▸ Task prompt
Give the listing again word for word. Skip the pictures.

▸ Given data
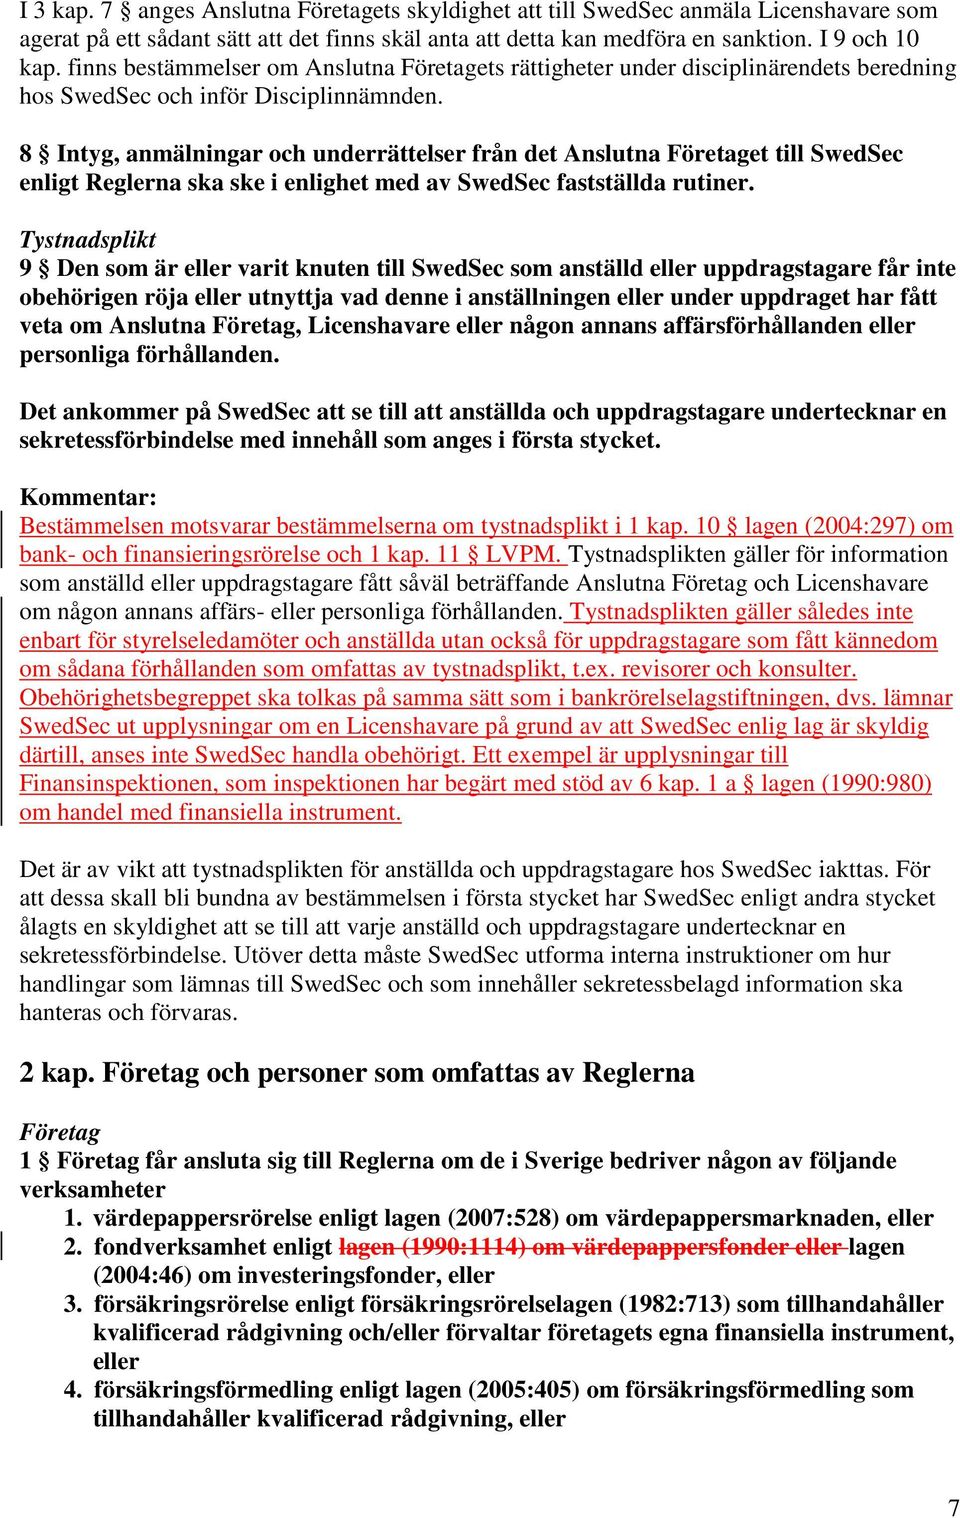 8 Intyg, anmälningar och underrättelser från det Anslutna Företaget till SwedSec enligt Reglerna ska ske i enlighet med av SwedSec fastställda rutiner.
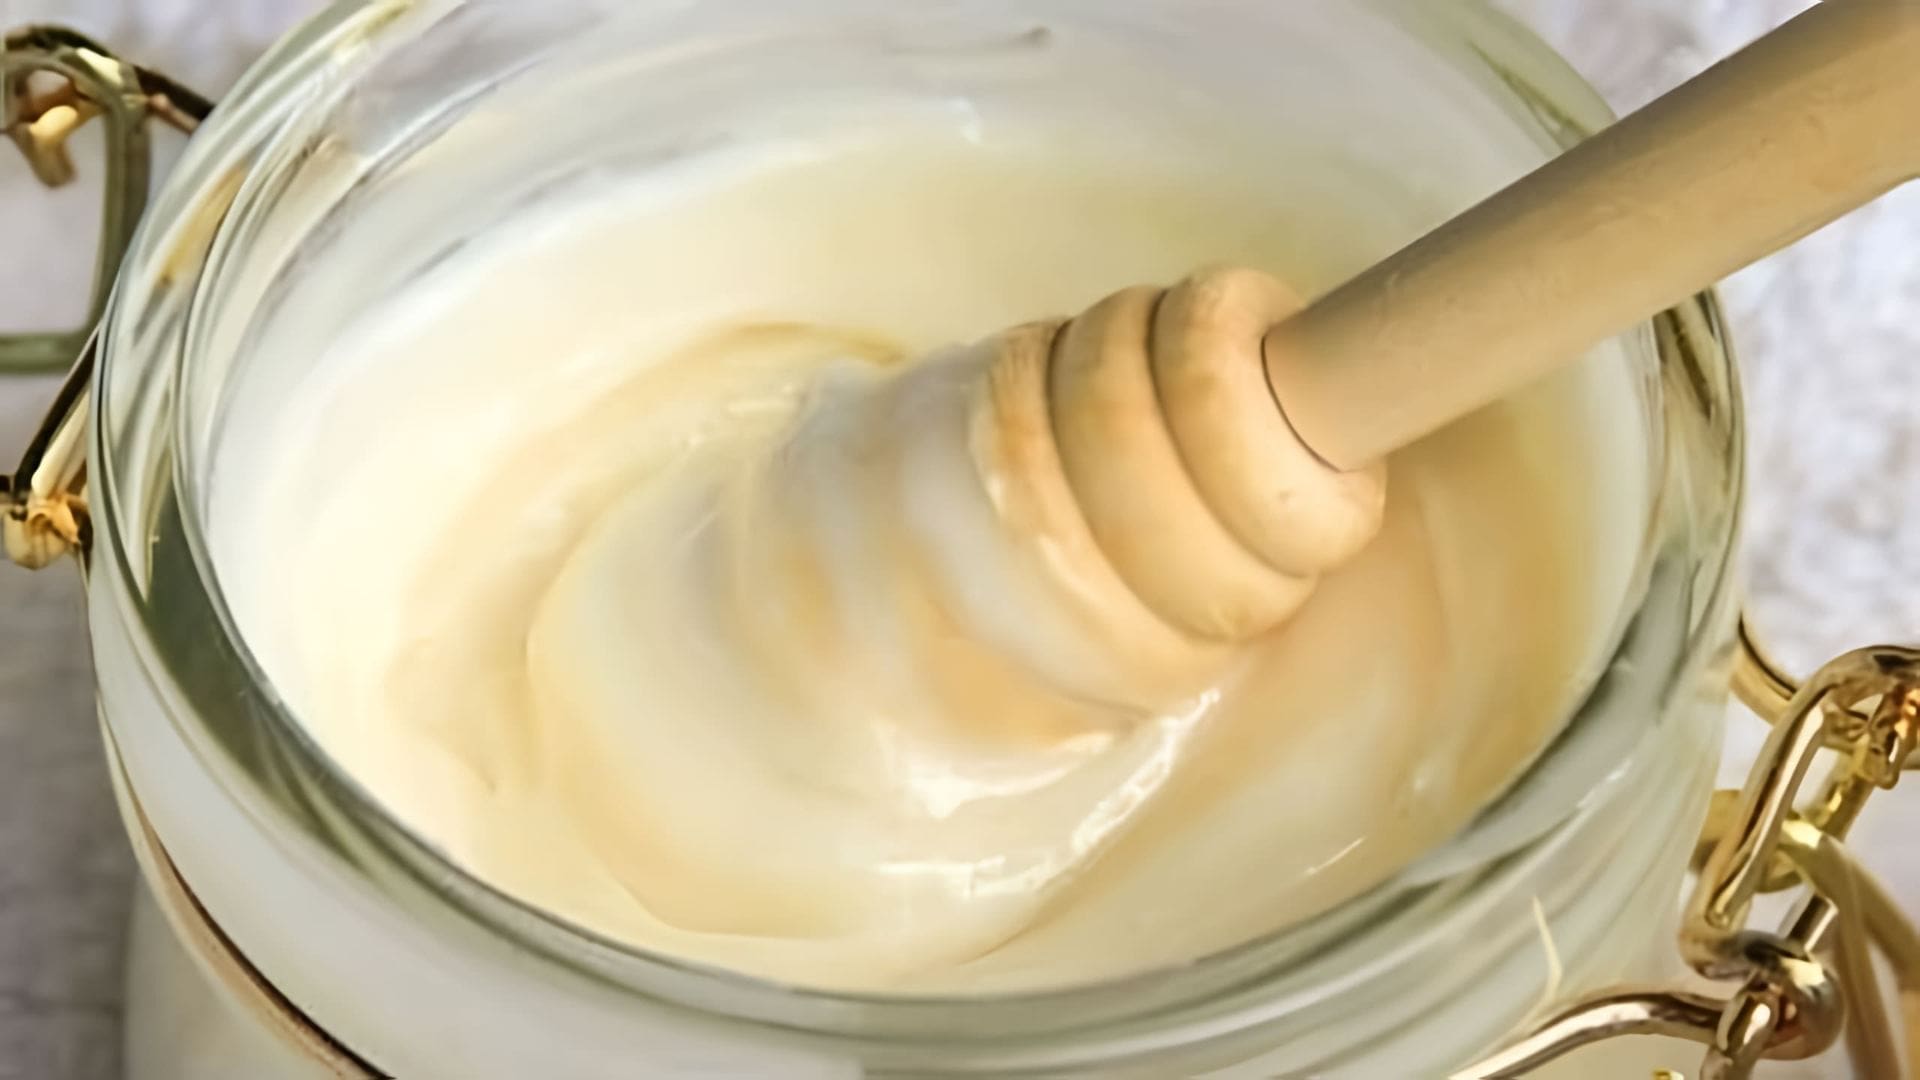 В этом видео демонстрируется процесс приготовления крем-меда в домашних условиях
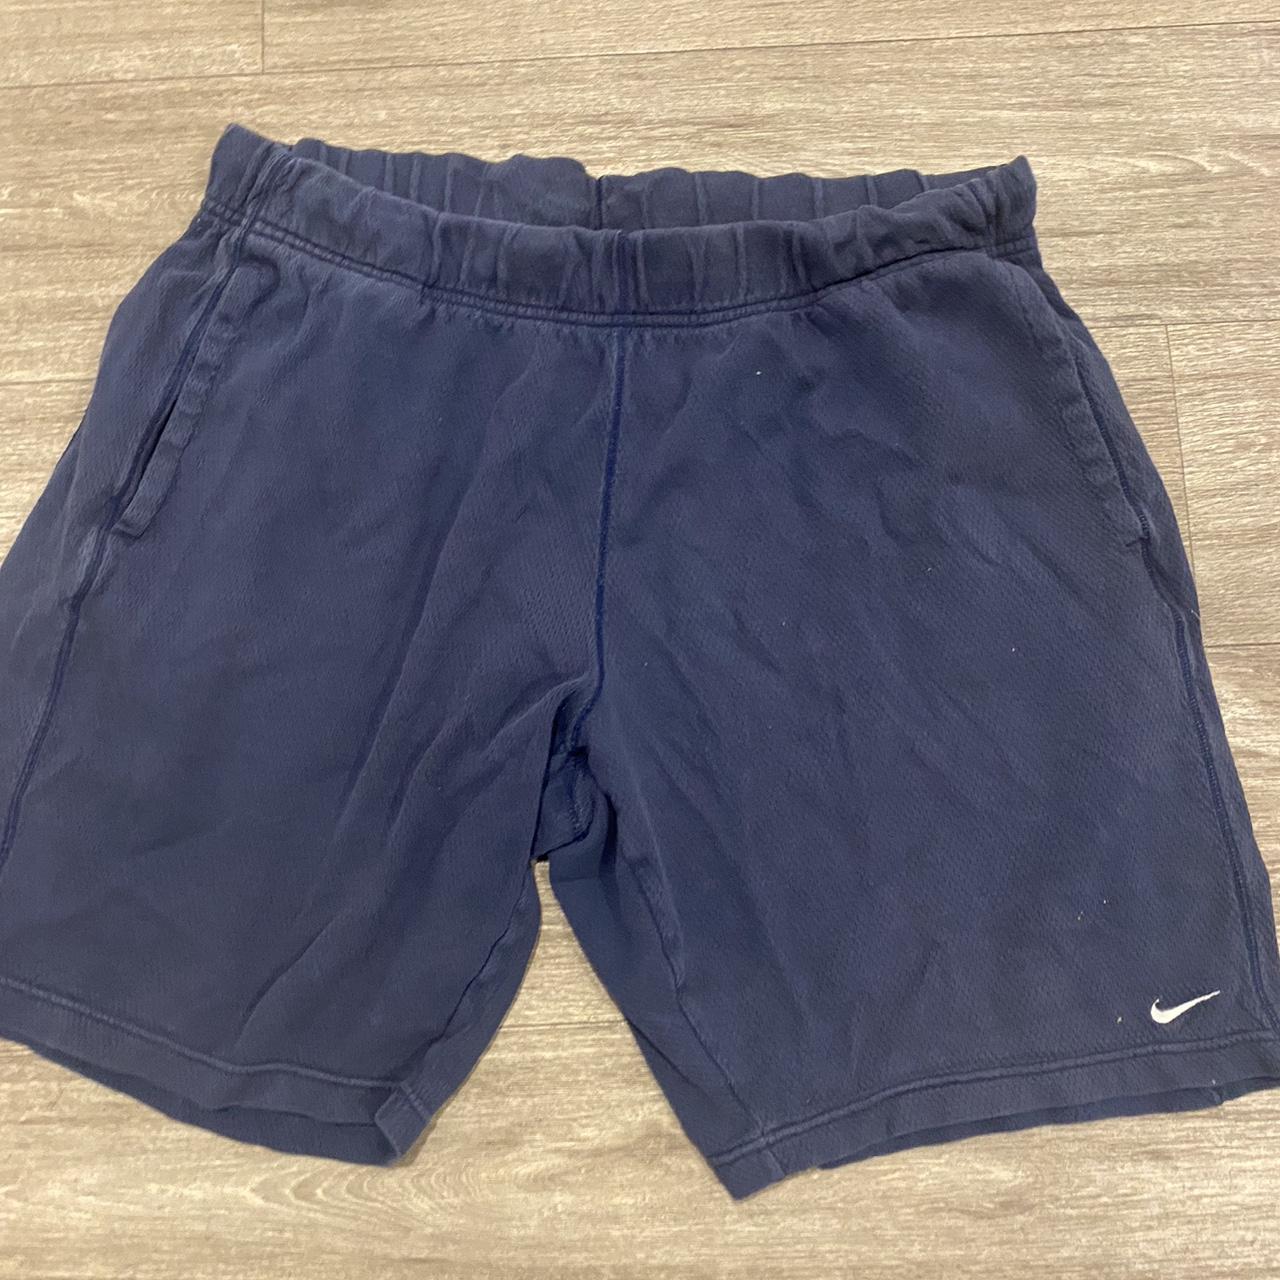 Vintage Nike shorts -size large -navy blue -message... - Depop

▸ Response
 8 Intyg, anmälningar och underrättelser från det Anslutna Företaget till SwedSec enligt Reglerna ska ske i enlighet med av SwedSec fastställda rutiner.
 В этом видео демонстрируется процесс приготовления крем-меда в домашних условиях
 Vintage Nike shorts -size large -navy blue -message... - Depop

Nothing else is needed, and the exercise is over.